Часть 1
18 октября 2014 г. в 14:50
В квартире Чернобыля шумно и многолюдно: весьма непривычное состояние для квартиры Чернобыля. За большим столом, который к тому же еще и раздвинули, сидели все села и деревеньки во главе с господином Че. Не было только Шепеличи, главного зачинщика подобных вечеров. Неужто так долго добирается?
— Товарищи, — начал Народичи, не переставая тасовать колоду замызганных карт, — таке где же Шепеличи? Не припомню я, чтобы она хоть раз пропустила наши интеллектуальные беседы.
Сёла зашептались между собой, выдвигая различные предположения, абсурдные и не очень, но было ясно, что точного ответа они не знают.
— Эй, Черни, а ты не в курсе? — спросила Рассоха, сидящая рядом с ним.
Чернобыль коротко отрицательно кивнул.
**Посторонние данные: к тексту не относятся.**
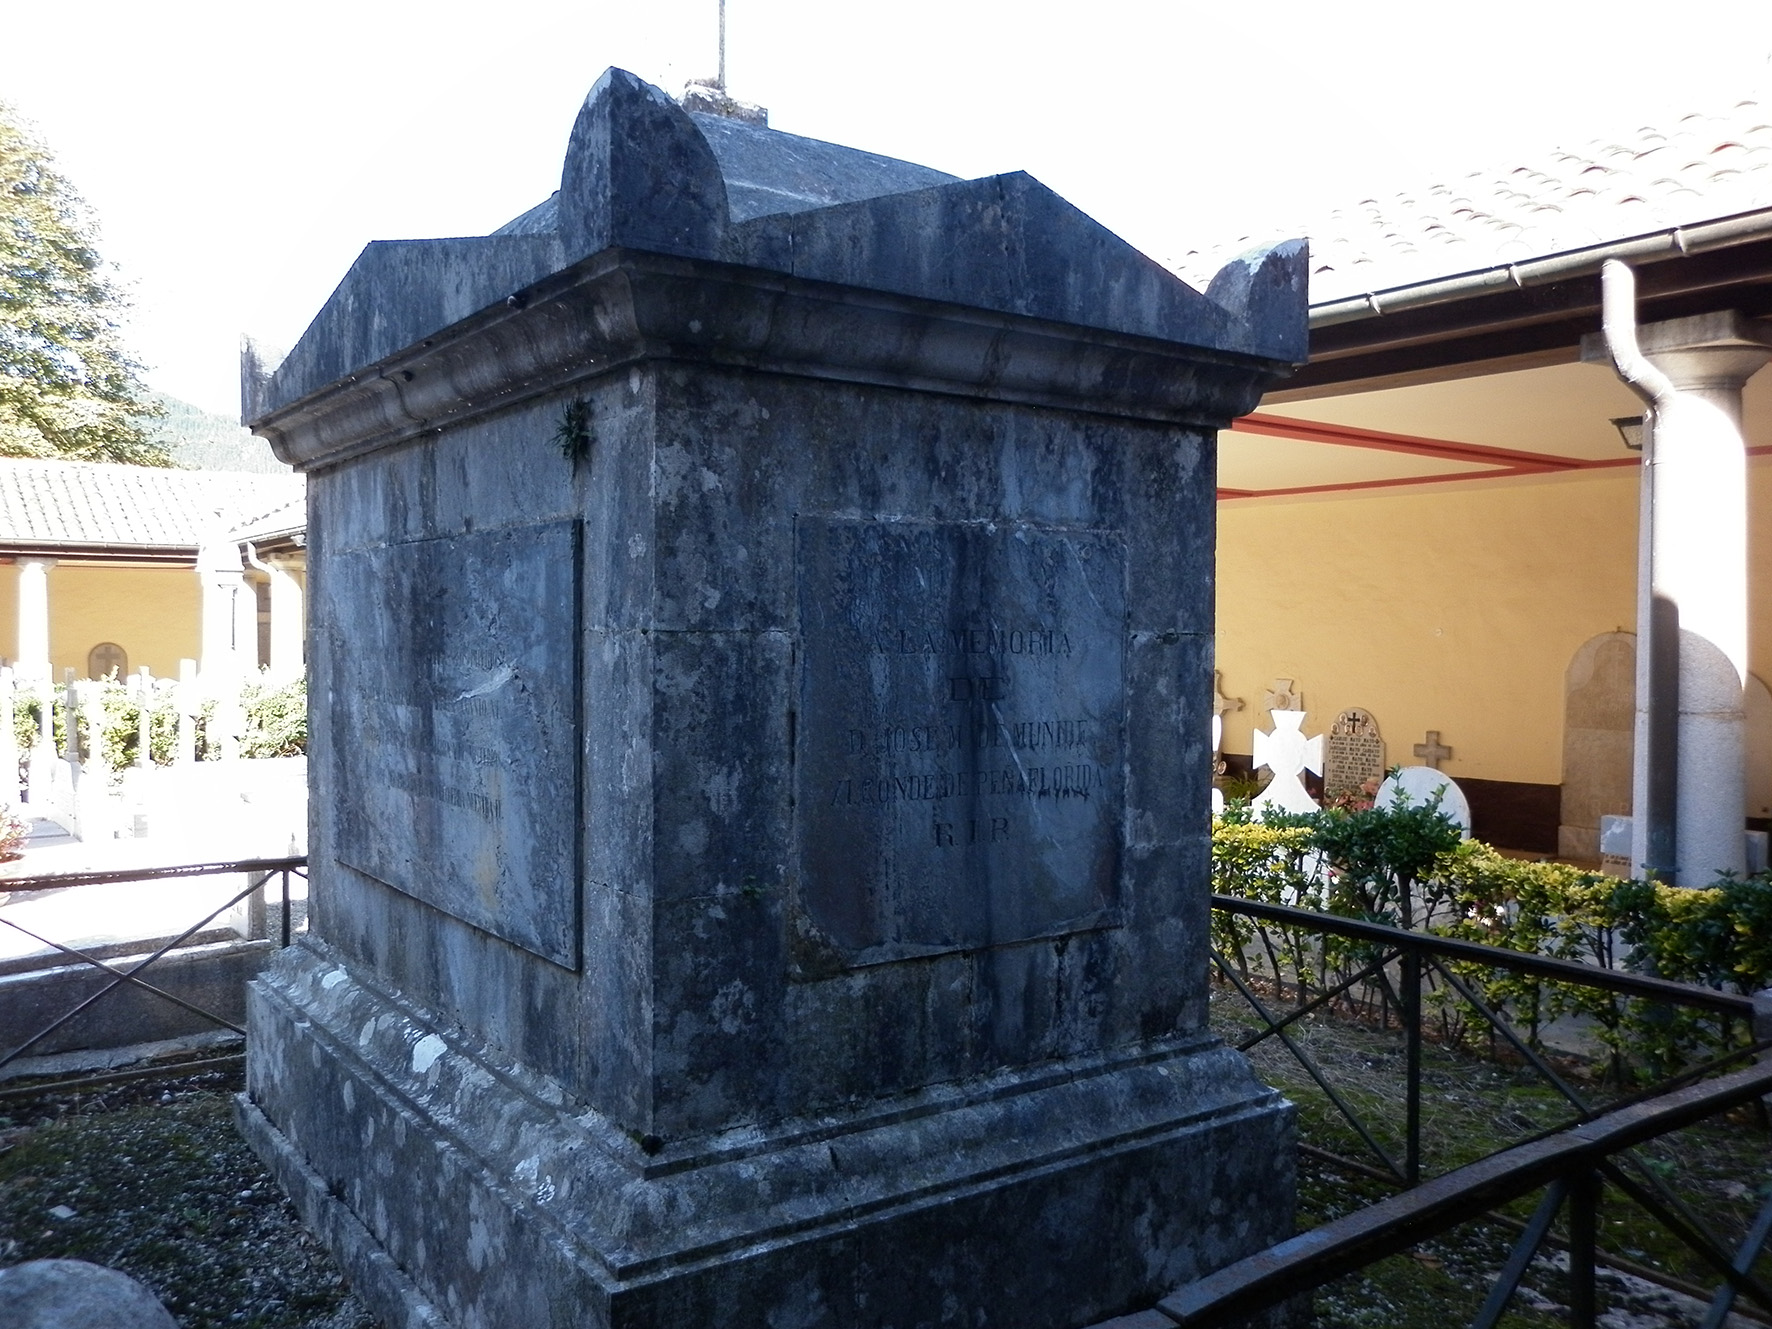 Xemeingo kanposantua barrutik. Jose Maria de Munibe Peñafloridako XI. kondearen mausoleoa ikus daiteke burdinazko hezi batek inguratuta.

Вся эта ситуация начинала ему не нравиться, и в мрачную душу полезли идентичные мыслишки.
— Может, мы таке начнем играть, а она потом подойдет? Семеро одного не ждут, — заметил Народичи, и Чернобыль только успел кивнуть, на сей раз утвердительно, как затрезвонил телефон. Именно затрезвонил, оглушительно громко и неприятно. Во всяком случае так показалось главе ЧЗО.
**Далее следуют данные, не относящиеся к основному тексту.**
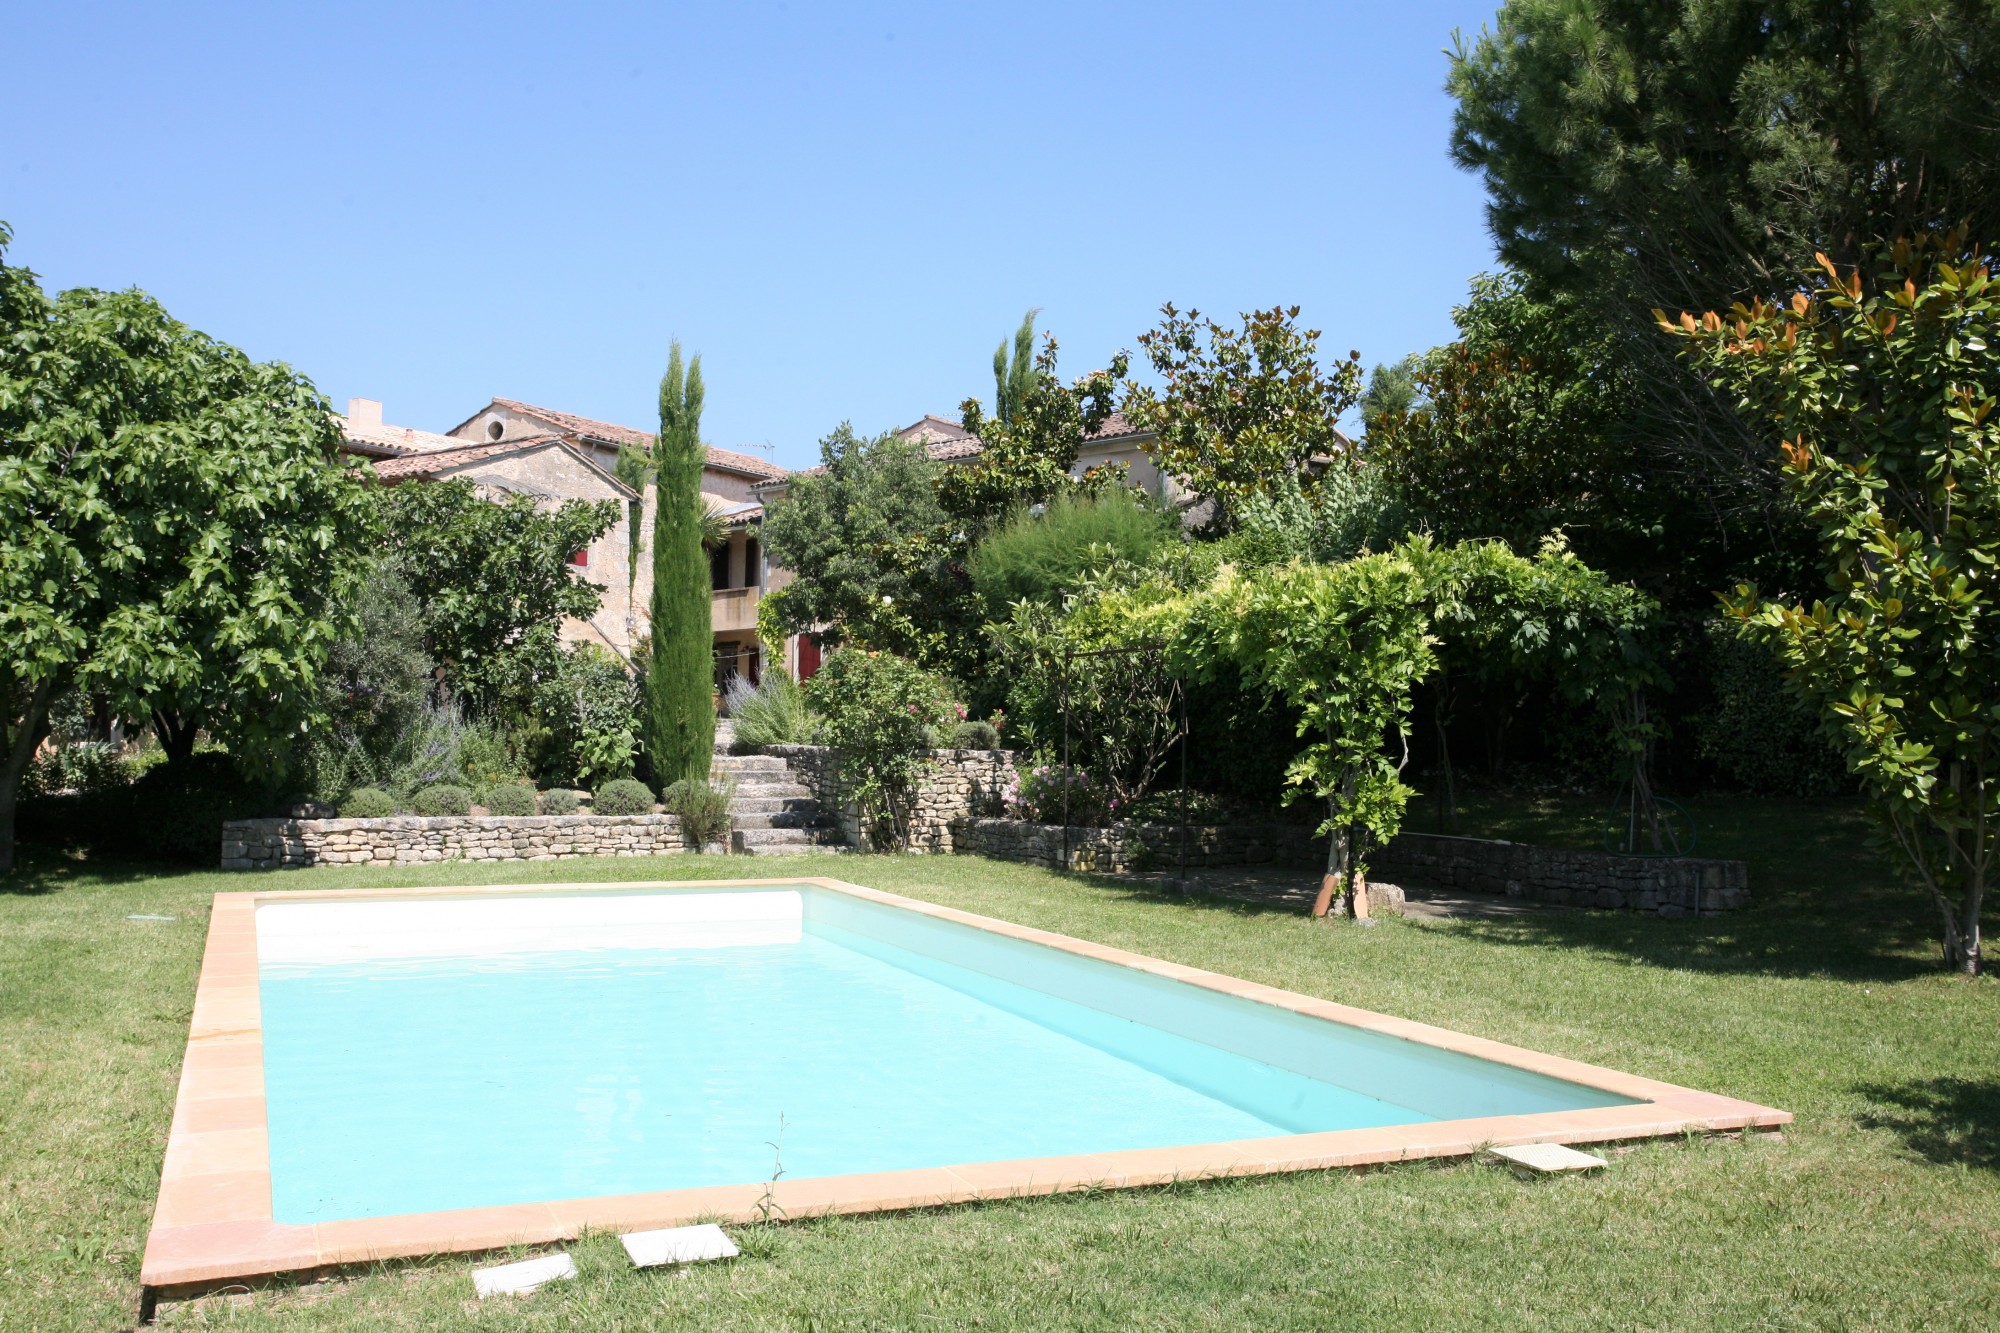 Location proche Goult, authentique mas provencal avec piscine

Чернобыль всё так же молча встал, задвинул стул и вышел в коридор. Большого же ему труда стоило не дернуться и не опрокинуть и без того прогнивший стол: он уже понял, что случилось что-то нехорошее, и звонок, как вестник печальных новостей, застал его врасплох. А Чернобыль не любил, когда его застают врасплох: прожив восемь с лишним веков, он был вправе считать, что ничего его уже удивить не может.
Как оказалось, звонил Славутич, но Чернобыль не спешил тешить себя глупыми надеждами об очередной прогулке по Припяти* на катере. Да, пусть это и был непутевый парнишка с Большой Земли, но слова, сказанные им, не меняли своего значения, как бы кому ни хотелось. Чернобыль лишь сухо бросил: «Понял» и повесил трубку.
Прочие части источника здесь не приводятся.